• [Information shown]
************

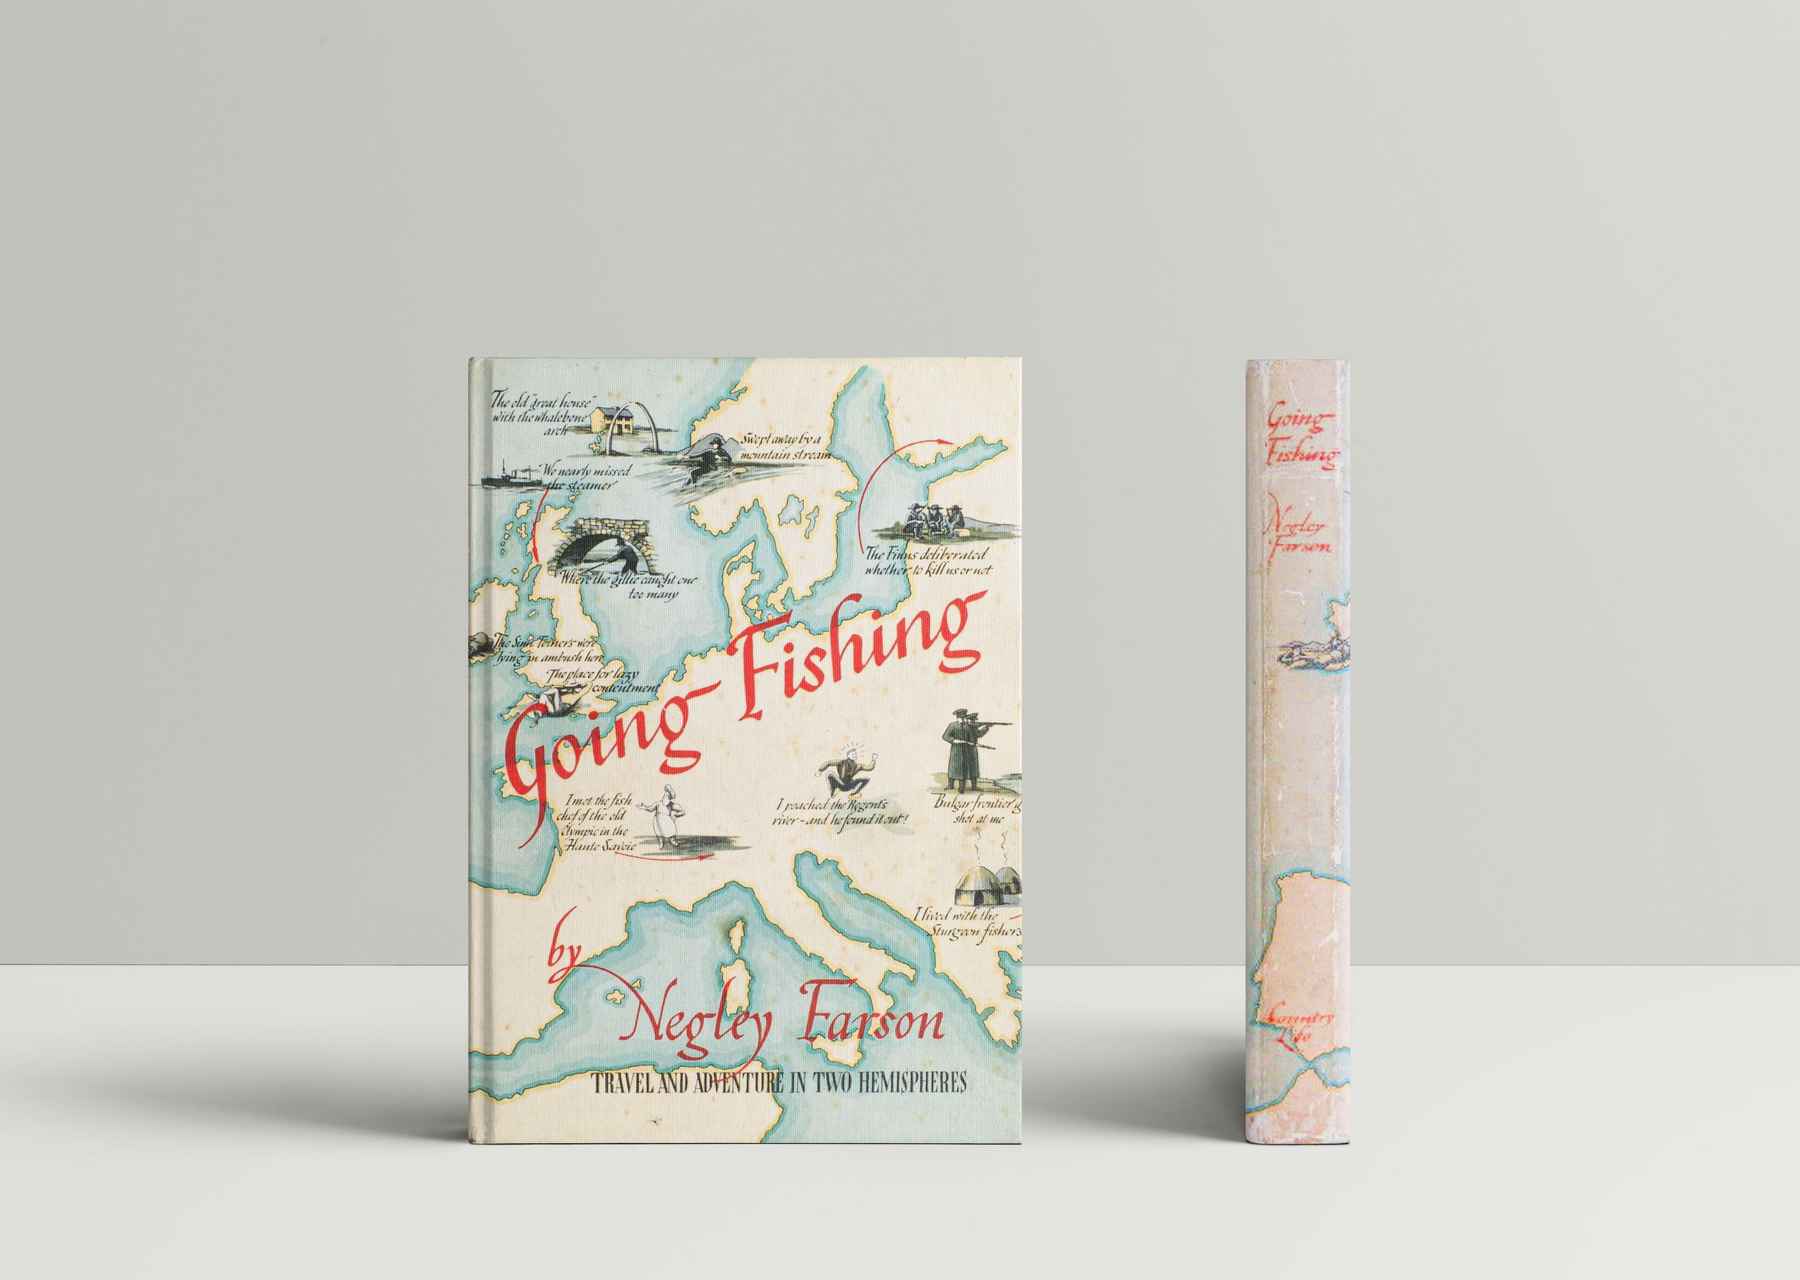 Summer reading: Hemingwhy?  Hatch Magazine - Fly Fishing, etc.
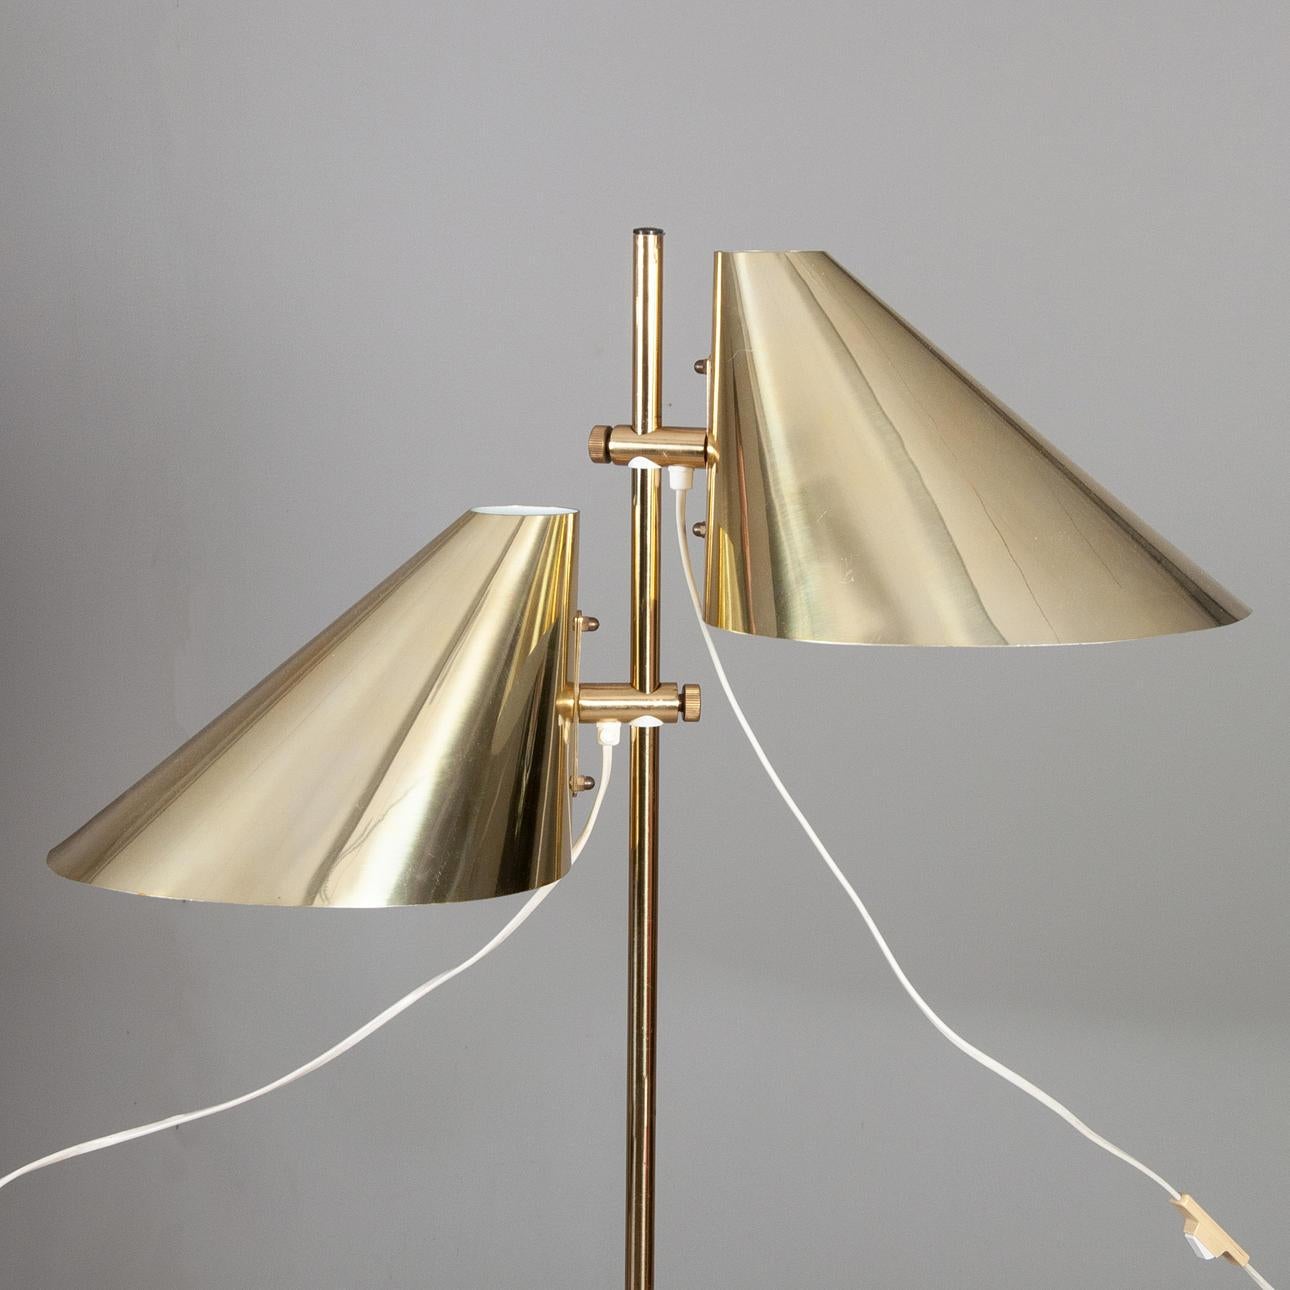 Diese schicke und elegante Stehleuchte ist mit einem Höhenverstellsystem für die 2 Lampen ausgestattet, das eine ästhetische und raffinierte Beleuchtung ermöglicht. Moderne Lampe, hergestellt in Schweden von Markaryd in den 1960er Jahren. Seine
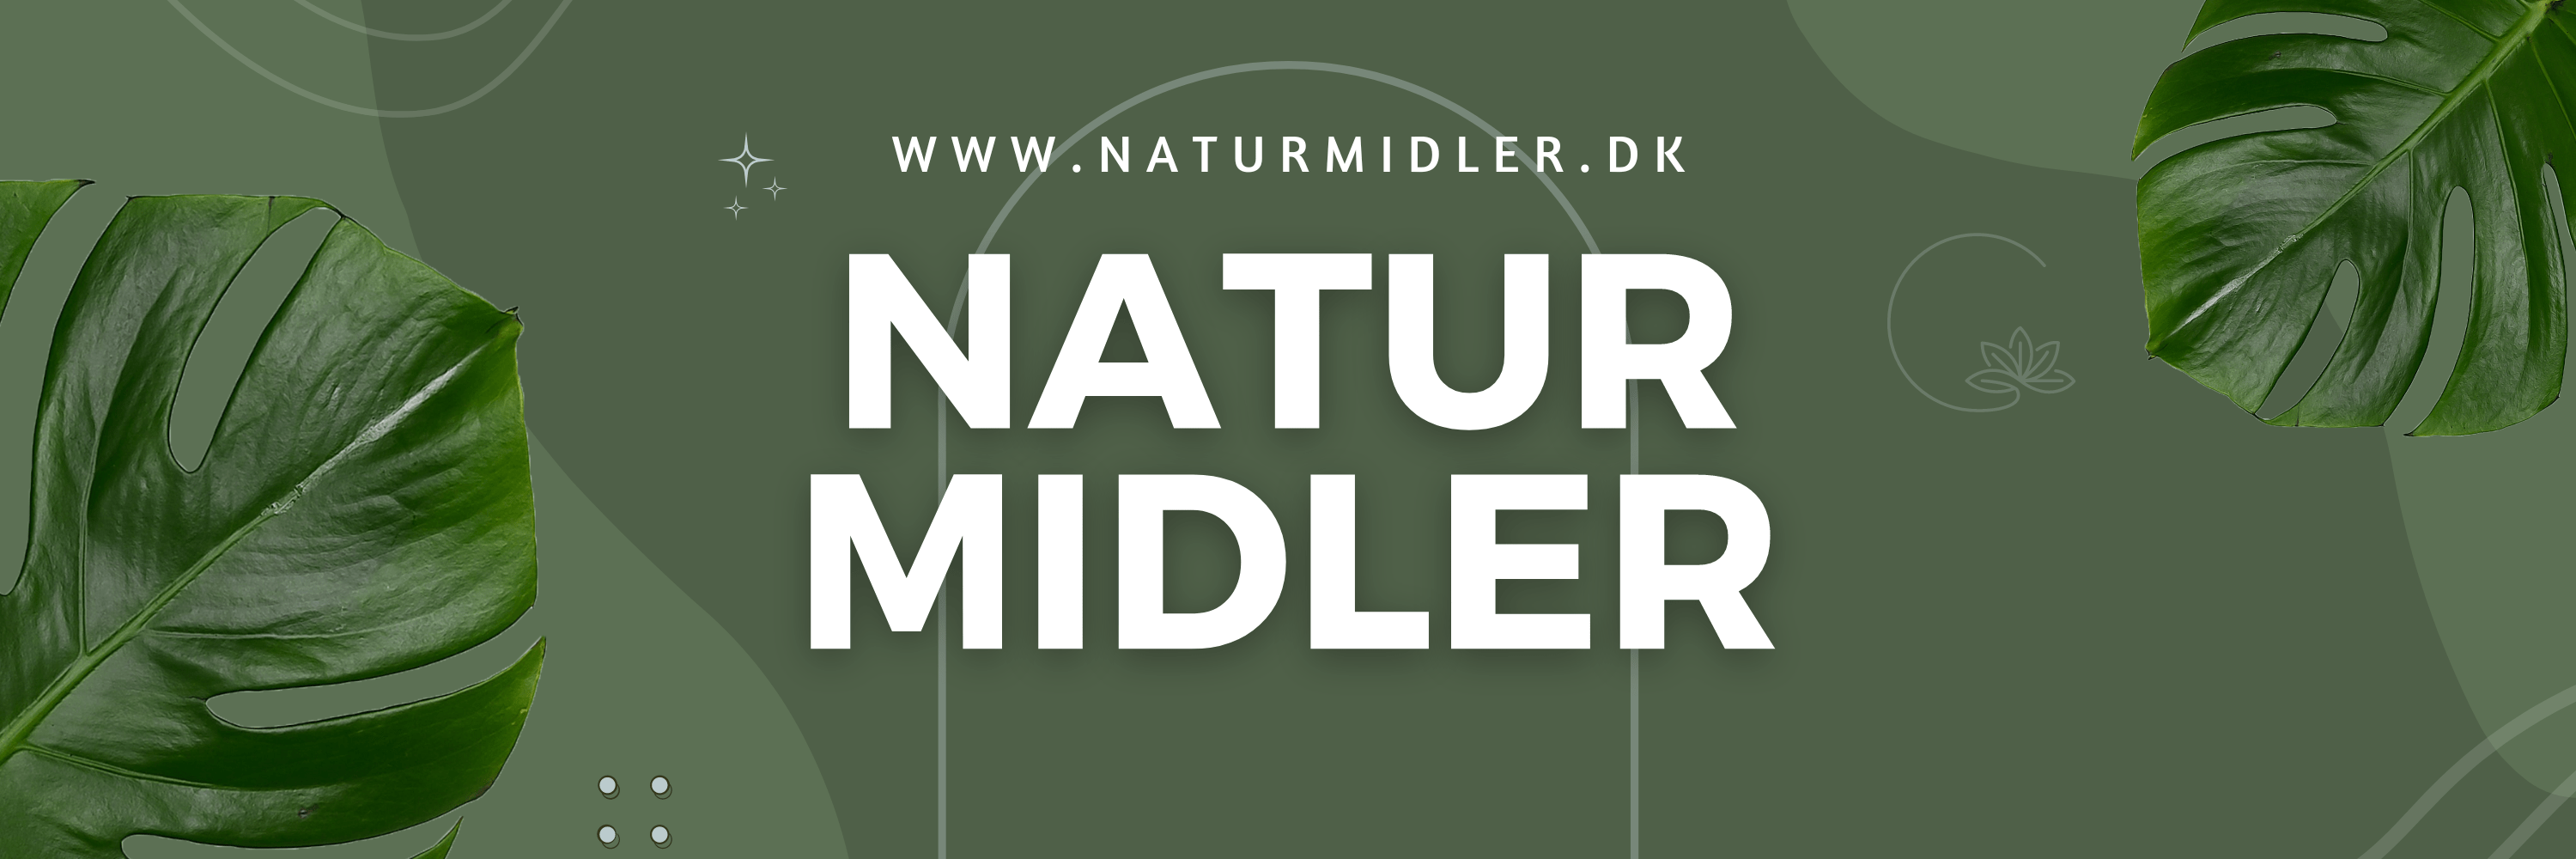 naturmidler logo

************

• [Required action] Print the lines from the one that contains "Diese schicke und" through the last line of the data, exactly and in full, and no other lines. Pictures are not part of the copy.

• [Result of the exercise]
 Diese schicke und elegante Stehleuchte ist mit einem Höhenverstellsystem für die 2 Lampen ausgestattet, das eine ästhetische und raffinierte Beleuchtung ermöglicht. Moderne Lampe, hergestellt in Schweden von Markaryd in den 1960er Jahren. Seine
 naturmidler logo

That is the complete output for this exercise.